In rapid-release environments, manual regression cannot keep pace with the change rate. Lack of automation makes regression testing a bottleneck or causes it to be skipped.
Class Activity
- Bug fix: Course registration now correctly prevents students from registering for more than 6 courses per semester.
- New feature: A "dark mode" toggle has been added to the UI settings page.
- Classify each change as the trigger for progressive testing, regressive testing, or both. Justify your answer.
- For the bug fix (change 1), identify tests that satisfy each of the 3 regression objectives.
- List 3 modules (other than Course Registration) where side-effect regression tests should be considered, and explain why each is at risk.
- What would you include in a regression test baseline for this system?
- 2 marks: Correct classification of progressive vs regressive with justification.
- 3 marks: Regression tests correctly mapped to all 3 objectives for change 1.
- 3 marks: Reasonable risk justification for 3 side-effect modules.
- 2 marks: Appropriate regression baseline definition.
Exit Ticket
- In one sentence, state the formal problem that regression testing addresses (use the P, P′, T formulation).
- What is the difference between retesting and regression testing?
- Name the three objectives of regression testing and give a one-line description of each.
- Give two real-world maintenance scenarios (one corrective, one adaptive) that would trigger a regression test cycle.
Summary & Assignment
Regression testing is the safety net that ensures software quality does not degrade as a system evolves.

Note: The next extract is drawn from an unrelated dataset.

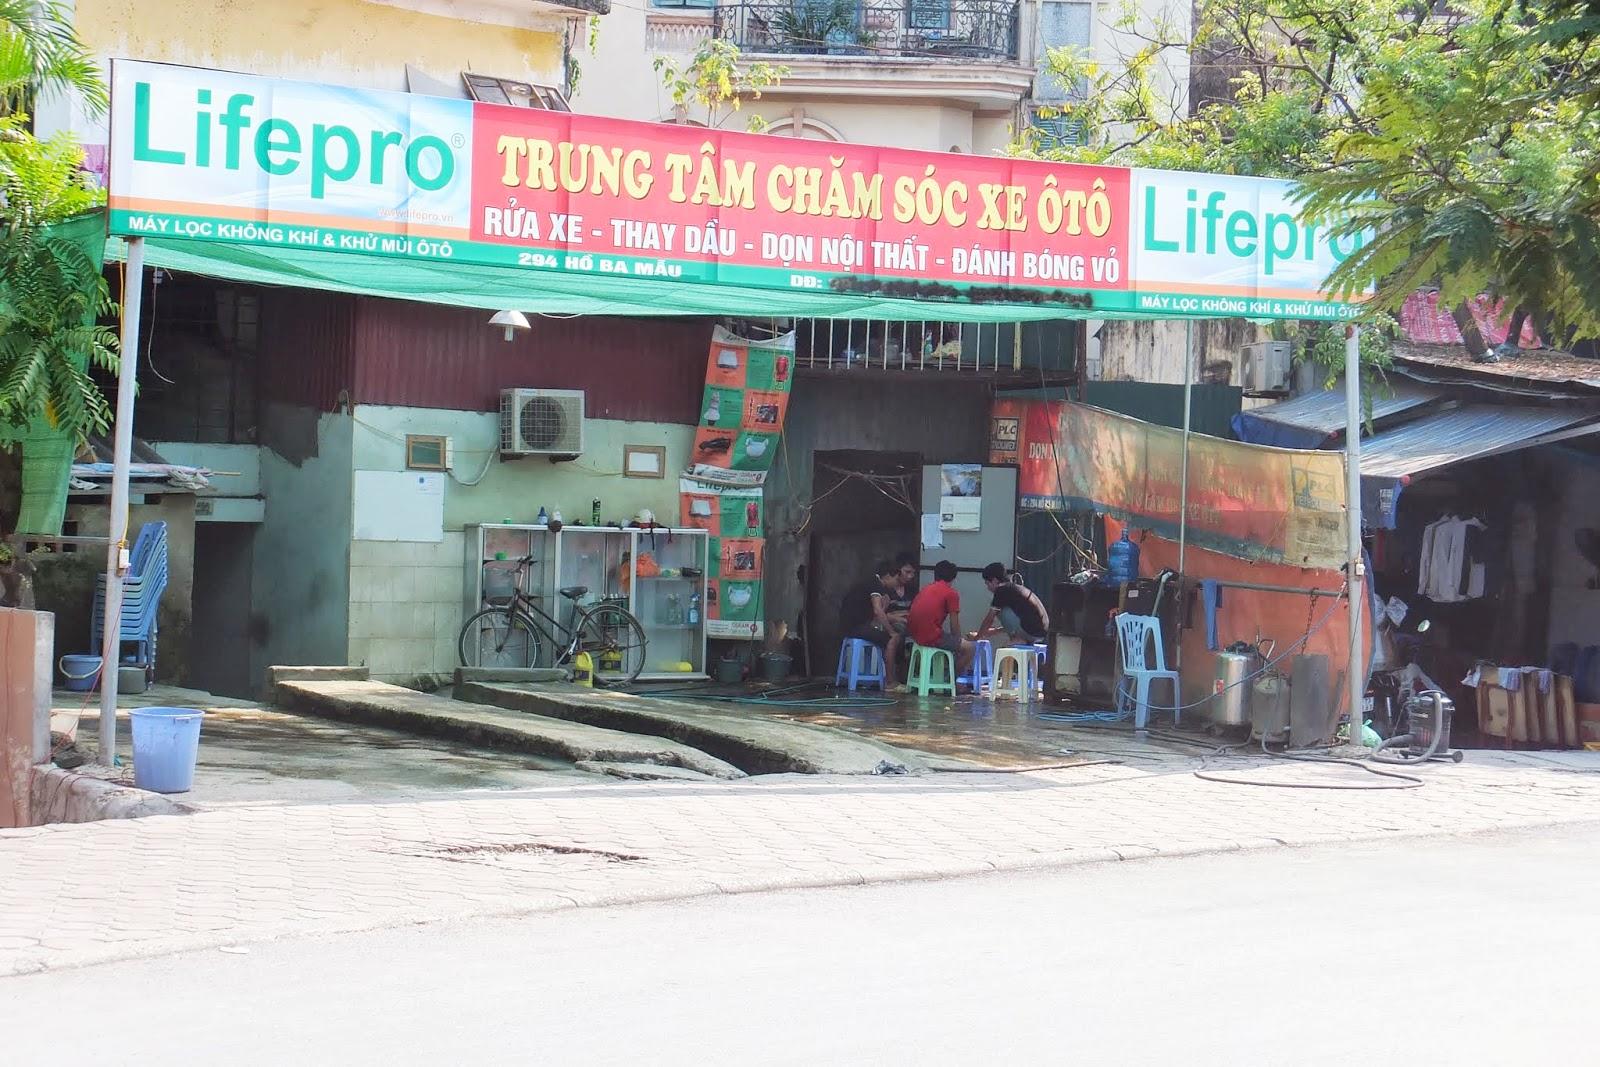 car-wash-shop-vietnam ベトナムの洗車屋

It is triggered by any change — bug fix, new feature, refactor, or environment update — and serves three core objectives: confirm the fix, find related bugs, and check side effects. The fundamental challenge is that re-running the entire test suite after every change is impractical at scale.
- Regression testing is a maintenance activity, not a one-off event.
- Progressive testing verifies new code; regressive testing protects existing code.
- Three objectives: verify fix, find related bugs, check side effects.
- The regression testing problem (P, P′, T) motivates the need for selection, prioritization, and reduction strategies.
- For your mini-project, identify the last code change made (bug fix or new feature) and map it to one of the four maintenance types.
- Design a regression test plan for that change addressing all three regression objectives. List at least 8 test cases (IDs and descriptions).
- Identify which modules in your system are most at risk of side-effect regression for that change, and justify your answer using the concept of shared code paths or shared data.